Readers will not be surprised when Dawson decides to give up the priesthood. What is remarkable is that Read's tale can be seen as atypical of the doubting priest who "can't believe in it any more" and who leaves the Church because it is the Church's traditions, procedures, and habits (no pun intended) that doesn't allow Dawson to accomplish the good for his fellow man that he has long pursued.

Nearly half of Monk Dawson is devoted to Dawson's secular life. Ironically, just as he seeks to fulfill his dreams of helping humanity in a world that not is equipped to really allow for that, he is equally ill-prepared for the secular world after years at Kirkham. Desperate for love "he was a hunter without a licence or gun or any knowledge of traps and snares--and his only prospect was to catch a glimpse of his game scutting around him" as he eventually becomes entrapped in an ill-fated marriage. Read's Dawson proves himself to be much like a man of today's times who becomes embittered by a society who shows "phony sorrow that comes over people when there's an earthquake or something, and a few hundred get killed" but where "one doesn't go into a panic over the thousands who die of old age" unless it is something that "we're afraid" will affect our own mortality. Dawson concludes: "Sympathy is just fear at one remove." Equally modern is Dawson's commitment "to the belief that all social phenomena have a scientific explanation and so a scientific solution." Dawson becomes determined to be a journalist who writes the truth until his efforts are stymied by politics, capitalism, and the tenuous "so-called freedom of the press."
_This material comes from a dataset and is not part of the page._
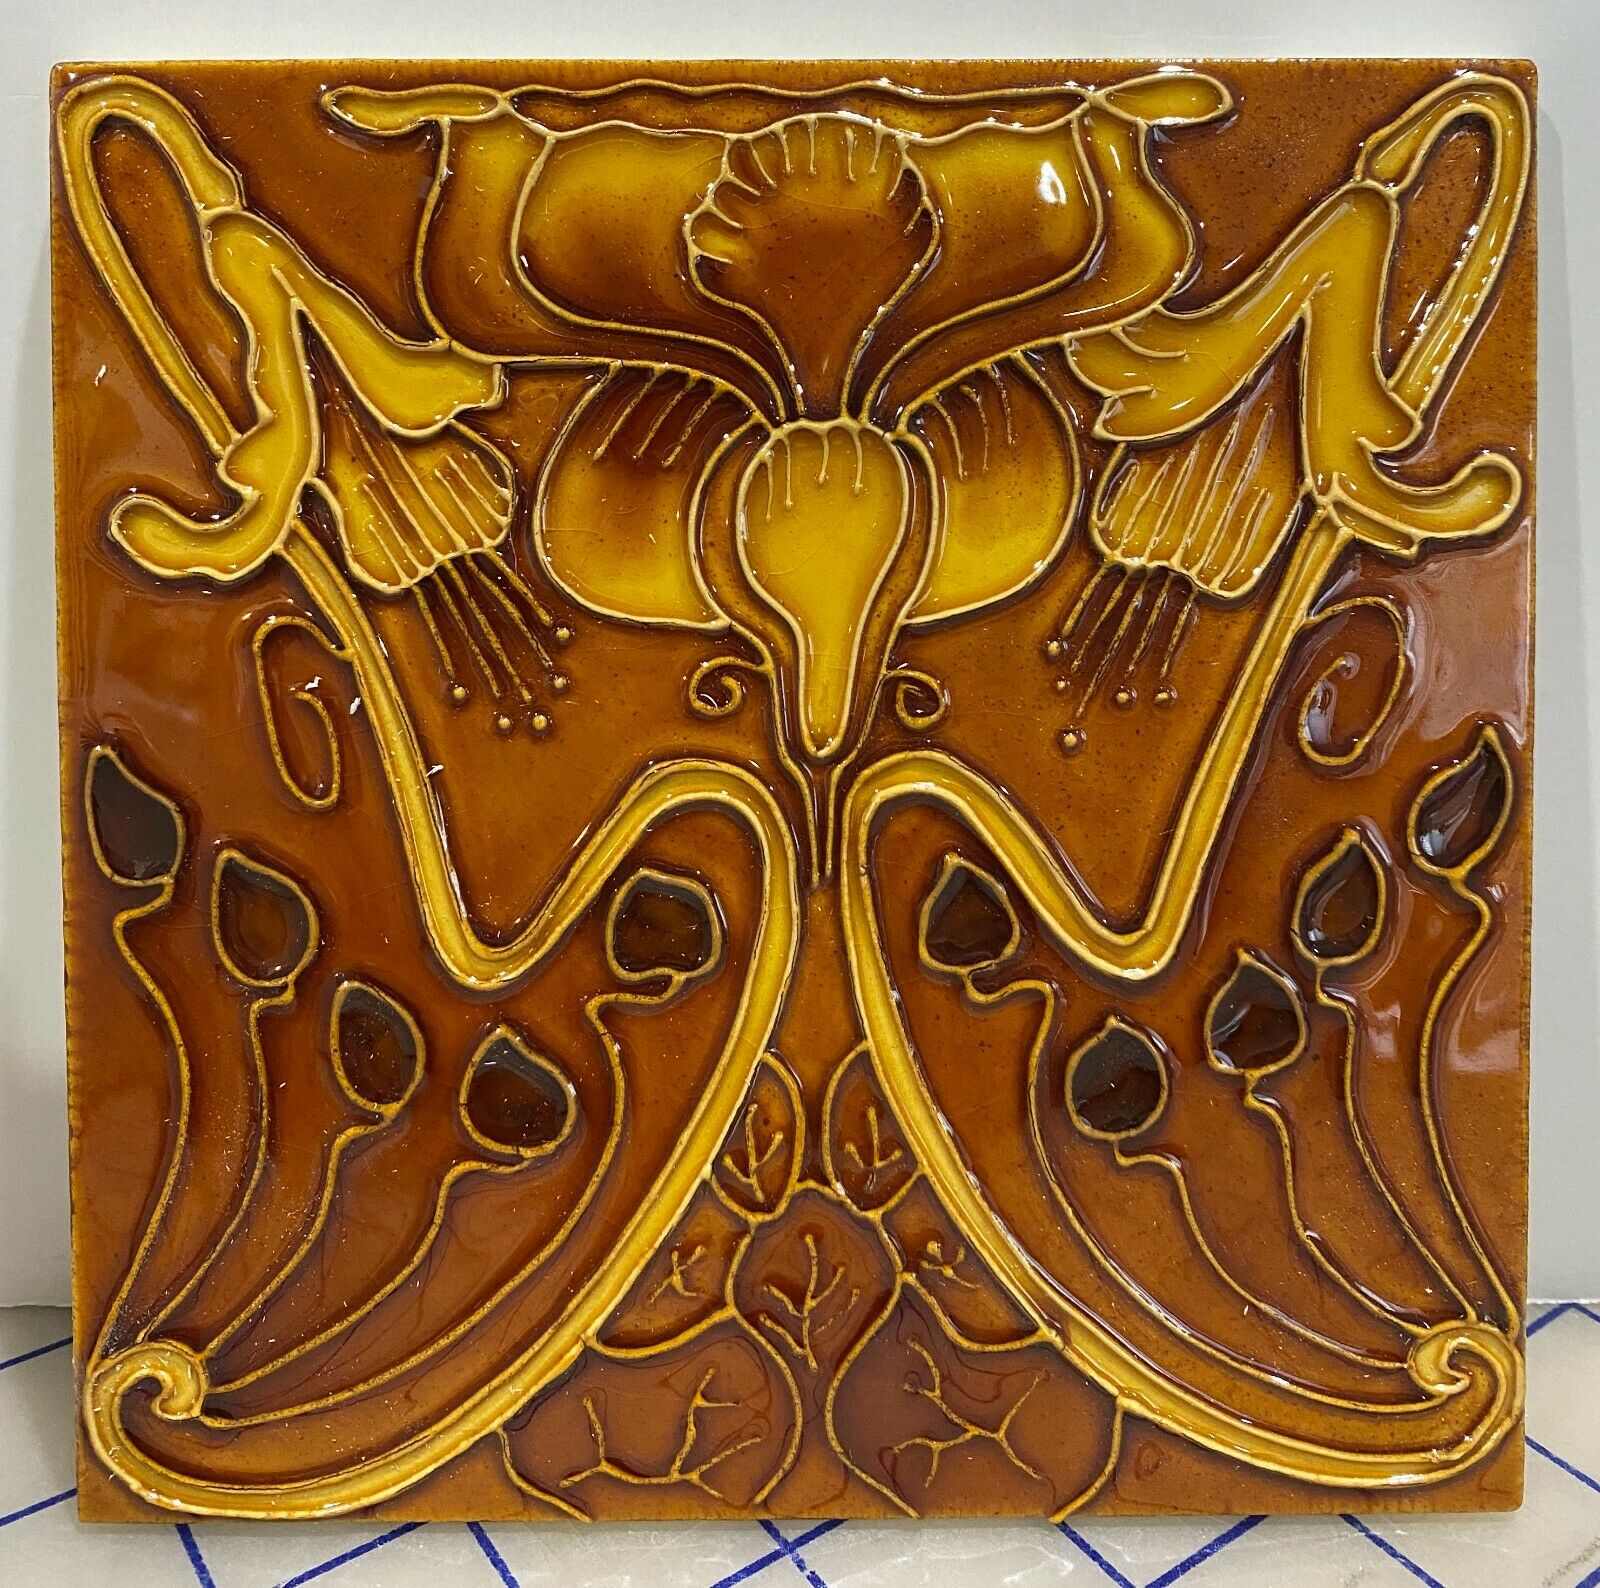 Rare Art Nouveau Majolica Tile Embossed 6 X 6 Inch Collectible Golden Flower

The conclusion of Monk Dawson and Dawson's final fate is both surprising and ironic considering that Dawson concludes "I've become averse to Christians. There's something soft and unpleasant about them." Read has stated regarding the times during which he wrote Monk Dawson and the novel's conclusion: "Given this preoccupation with politics, and a rather pro forma practice of the Catholic Faith at the time, the novel's denouement came as a surprise. Of course, it remains open to the reader to reach his or her own conclusion about Dawson's state-of-mind. A Soviet admirer congratulated me on depicting so successfully the insanity of a religious vocation (from: [...]

Monk Dawson is a provocative novel that defies expectations and is filled with subtlety and finely drawn characters and is well-worth reading. [NOTES: (1) The new Valancourt Books reissue of Monk Dawson includes a new Introduction by Piers Paul Read. (2) A film adaptation of Monk Dawson was made in 1998 originally under the title Passion of the Priest. The film's tag line, "Guided by Faith. Blinded by Hope. Betrayed by Love." Should be enough for would-be viewers to deduce the film's emphasis.]
Iriar
I've read two of Read's books. Good reads, I must say appropriately enough. The problem with his novels gets at the heart of the novel itself. The ending. However well written, intelligent and pointed they are, no matter how good the read, in the end it is the end of a novel that attempts to make the point, the main assertion of all that blending of plot and character and conversation. In this case, the author has nothing really to say, except Catholicism, which is hardly an original thought, and irrational in any case. As a result the endings are far-fetched. Not so much in Monk Dawson. But in Polonaise the hero saves the day by pushing a man off a cliff... in order to preserve the sanctity of marriage??? And in both books the moral of the story is that there really is only one true faith, so believe it. The Monk ends up a monk. Surprise surprise. After realizing what a fraud his religion is, he goes back to it anyway because he can't come up with anything in life that isn't a fraud. Or is it just to give the book an ending?

In spite of being let down in the end, I admire the depth of these novels, and particularly the ambiguity. Wouldn't it be better to end on an ambiguous note. Read could always add two simple words to finish it just the same. The end.